EXTRACTED ENTRIES >>
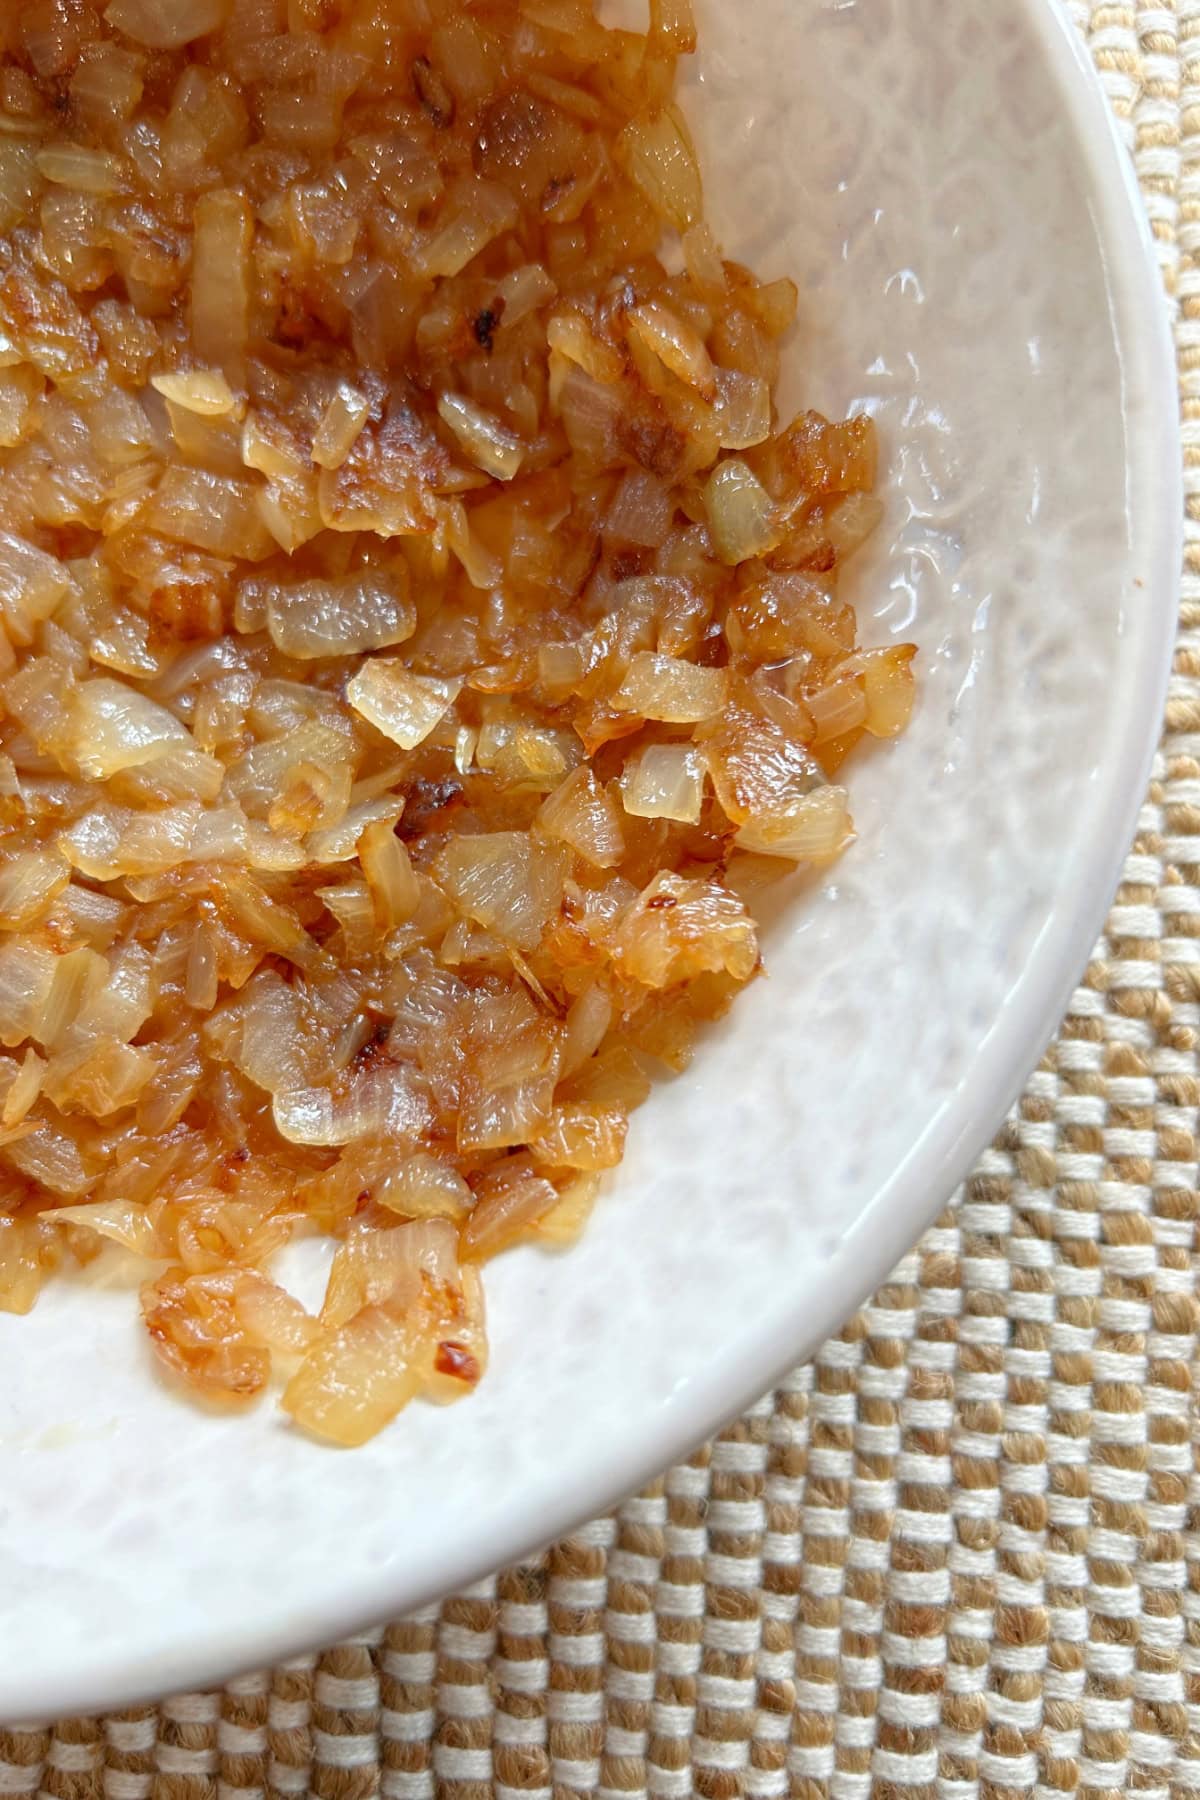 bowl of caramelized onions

--

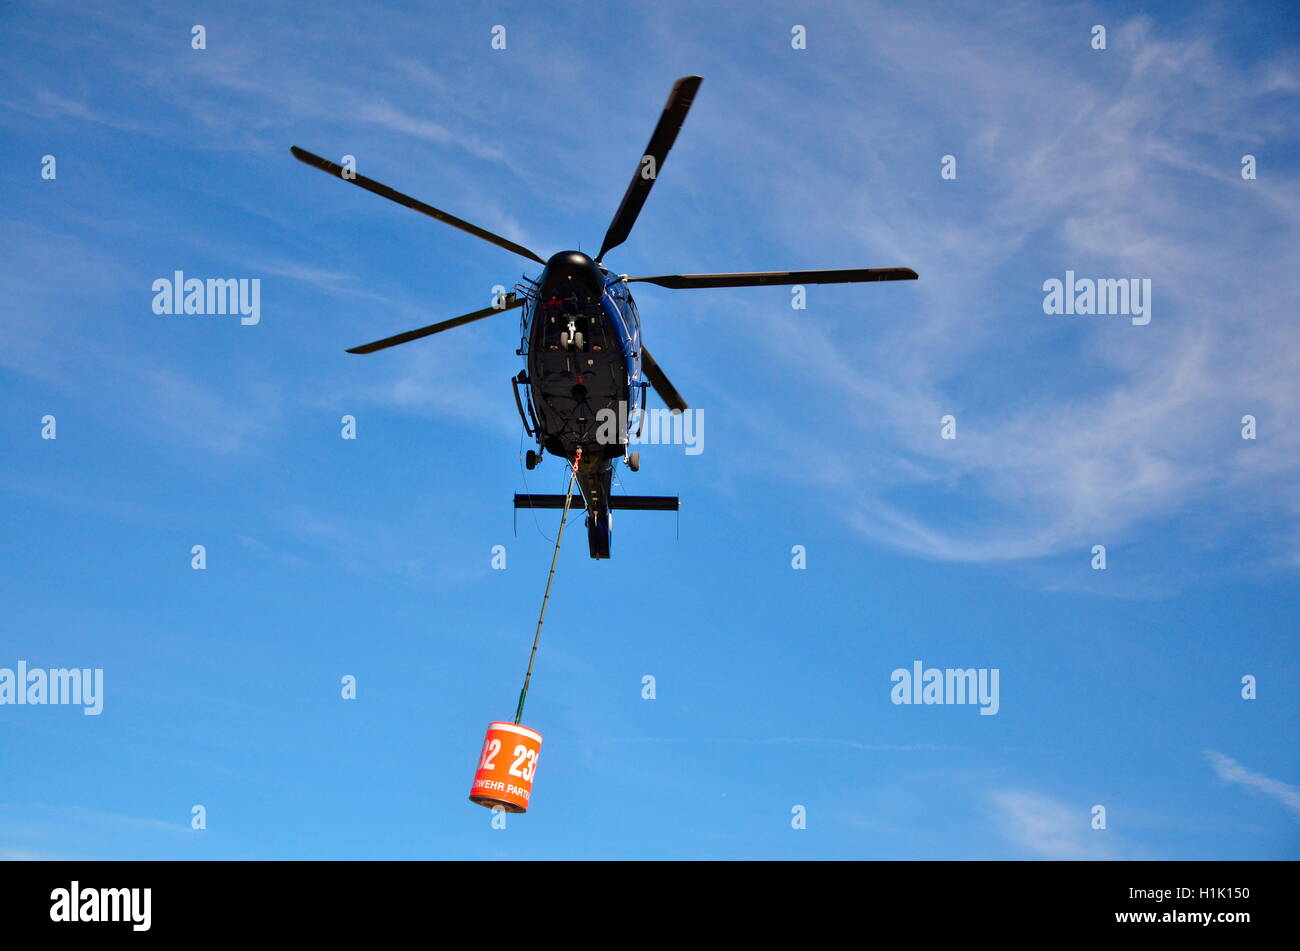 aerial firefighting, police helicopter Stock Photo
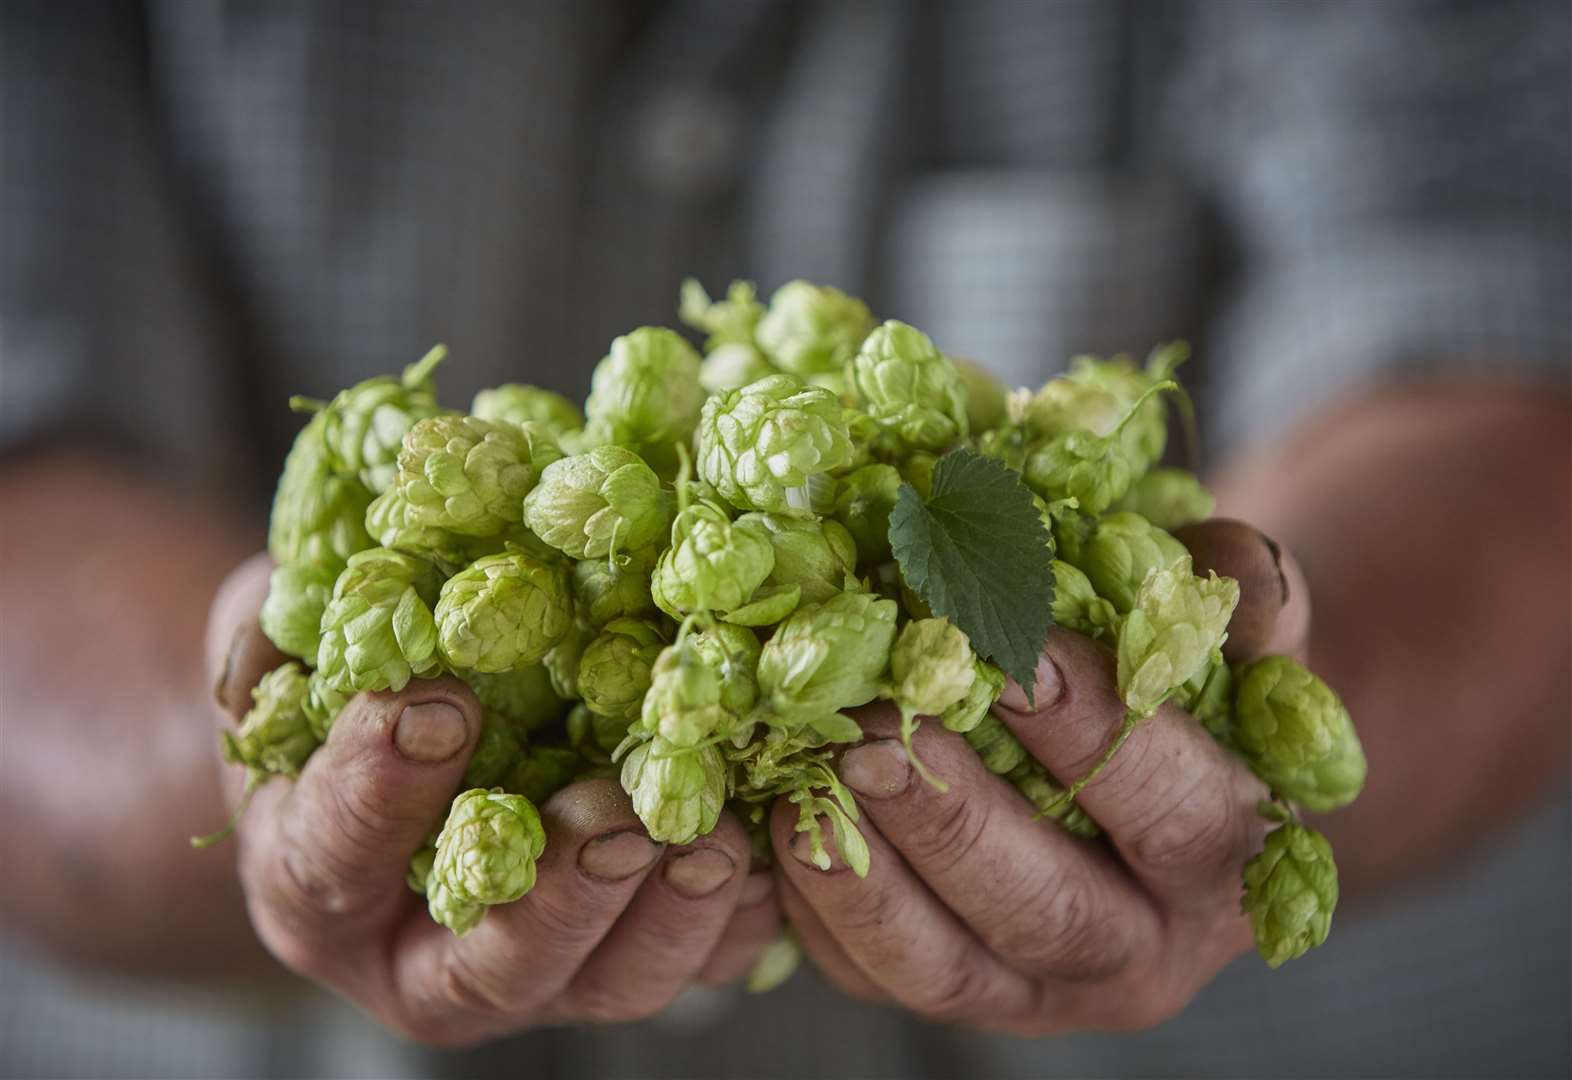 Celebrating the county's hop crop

TASK GOAL >>
Write back word for word every line in the entries above from the one with "aerial firefighting, police" to the one with "Celebrating the county's hop crop", ends included, and none of the pictures.

FINAL ANSWER >>
 aerial firefighting, police helicopter Stock Photo
 Celebrating the county's hop crop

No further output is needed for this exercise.